Последние слова будто ударили по лицу Степана Прокоповича. Он даже отпрянул от Павла и, уставив на него темные, негодующие глаза, гневно спросил:
— Тебе разве все равно — живет вокруг нас правда или ложь?.. Ты же коммунист! Если советская власть простила полицаев, власовцев и других сволочей, прислуживавших фашистам, из этого не следует, что ты можешь покрывать кого-нибудь!.. Государство может прощать, но забывать никогда!.. Если хочешь знать, ты совершил преступление еще тогда, когда увидел этого негодяя Черных умирающим. Ты должен был сказать в медсанбате, какая штучка попала к ним. Хотя бы для того, чтоб не похоронили его в братской могиле вместе с геройски погибшими нашими солдатами, чтоб почестей воинских ему не отдали, чтоб на могиле его, кроме чертополоха, никакого знака!
Арсентий Хворостянко смотрел на Степана Прокоповича немигающим взглядом, и в его глазах гнездился не то страх, не то завистливое удивление. А Павел Ярчук, пересев с дивана на стул, склонил голову над столом и в тяжкой задуме обхватил ее руками.
— И то, что сейчас дочка Насти в больнице, — жестким голосом продолжал Степан, — тоже твоя вина. Всю свою жизнь она считала, что отец ее герой. И вдруг такое потрясение!
— Тут и любовная ситуация примешалась, — будто нехотя подсказал Хворостянко.
— Что за ситуация? — Степан Прокопович достал из серванта еще две рюмки, поставил их на стол рядом со своей и налил водки. — Давайте выпьем, а то сердце скулит от досады и злости. Садись, Арсентий Никонович, к столу.
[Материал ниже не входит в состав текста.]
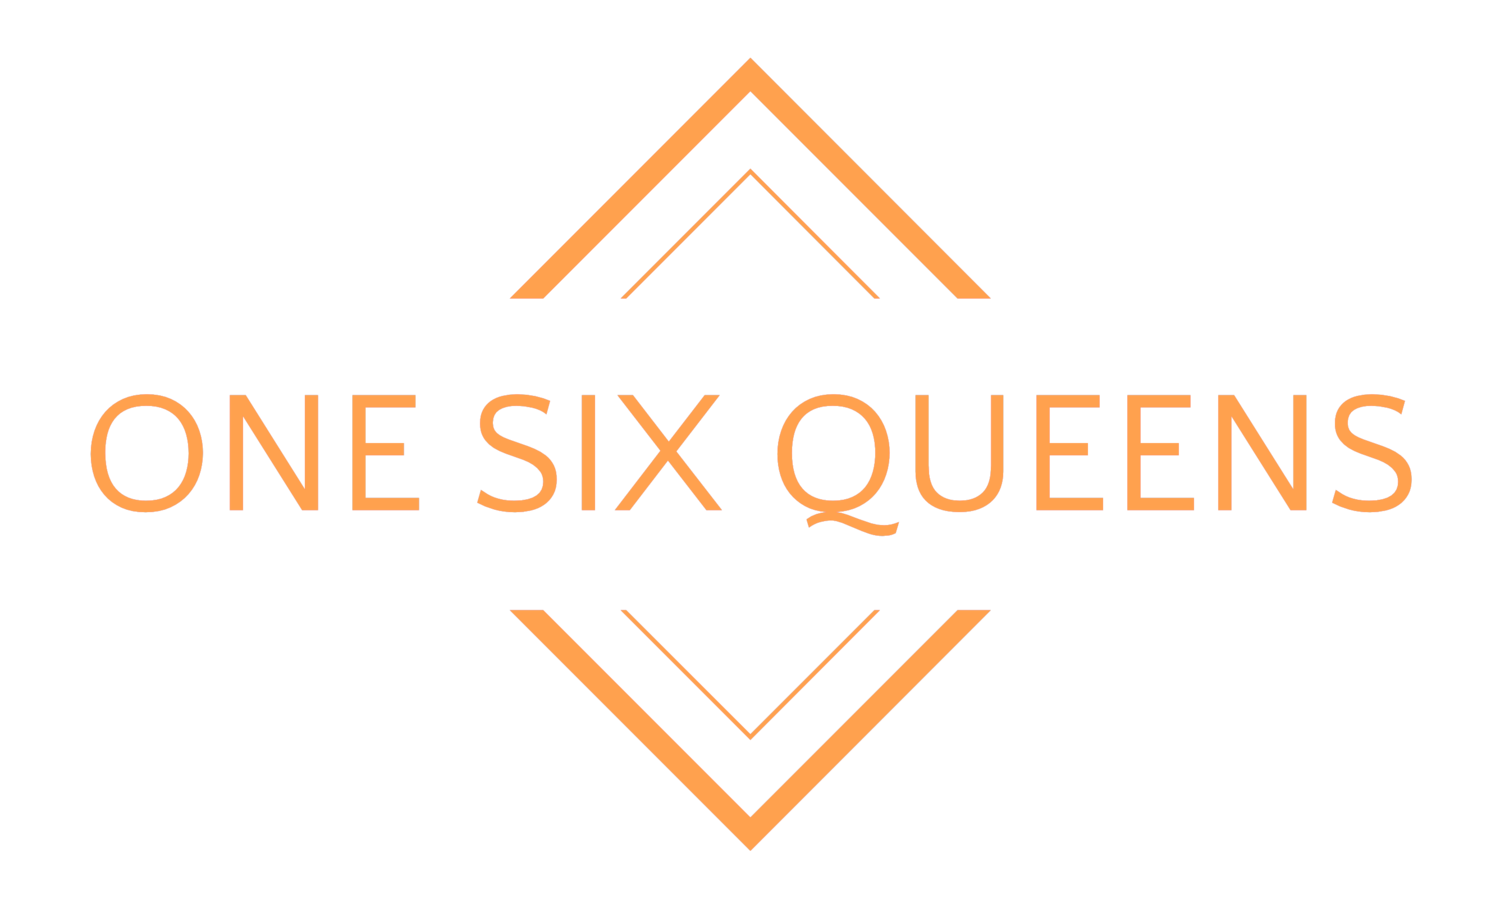 One Six Queens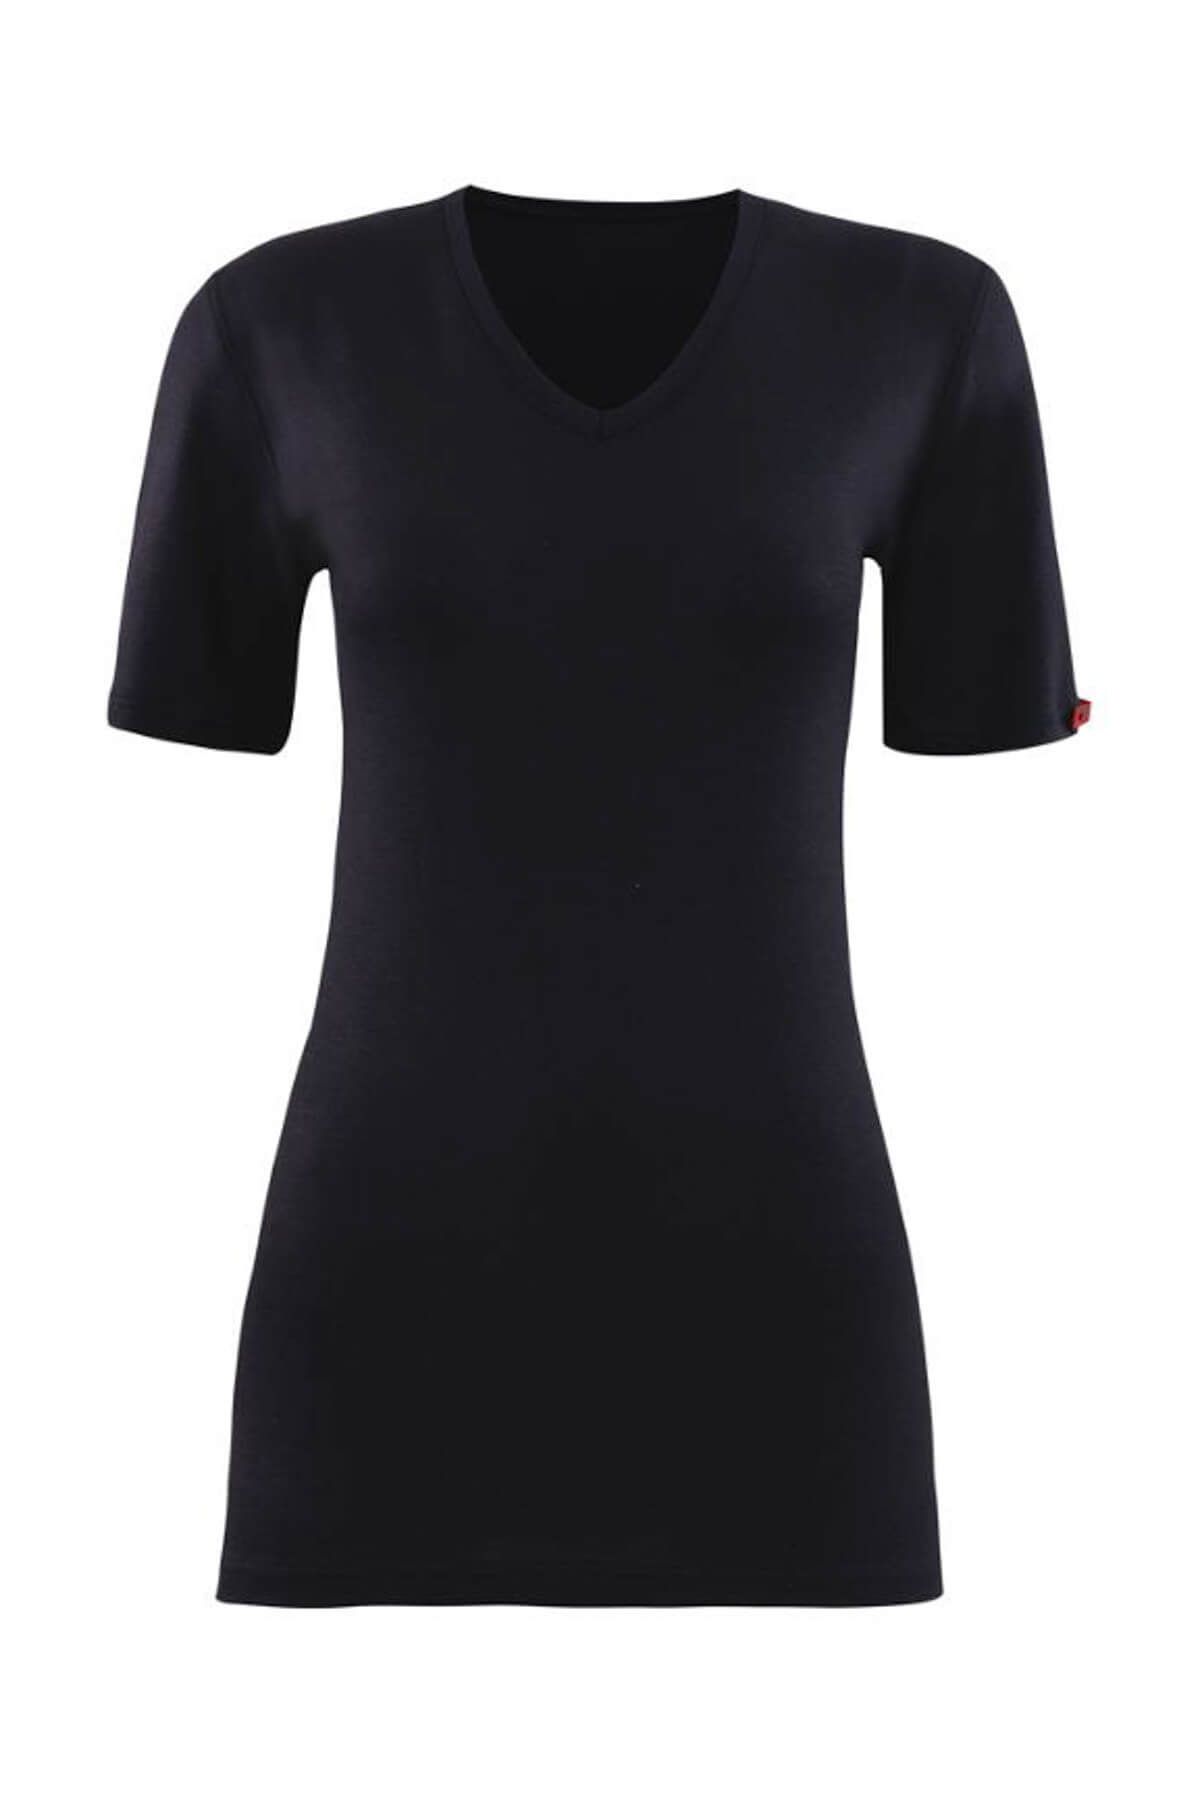 Blackspade Kadın Siyah 2. Seviye Termal  T-Shirt 1263

Галя, которая была на кухне и, видать, прислушивалась к разговору взрослых, тут же появилась в столовой, и из ее ловких рук скользнули на стол две тарелки и приборы.
Павел Платонович отказался от рюмки, а Степан и Хворостянко молча чокнулись и выпили.
— Так что же за любовная ситуация? — заинтересованно переспросил Степан Прокопович, когда Галя ушла на кухню.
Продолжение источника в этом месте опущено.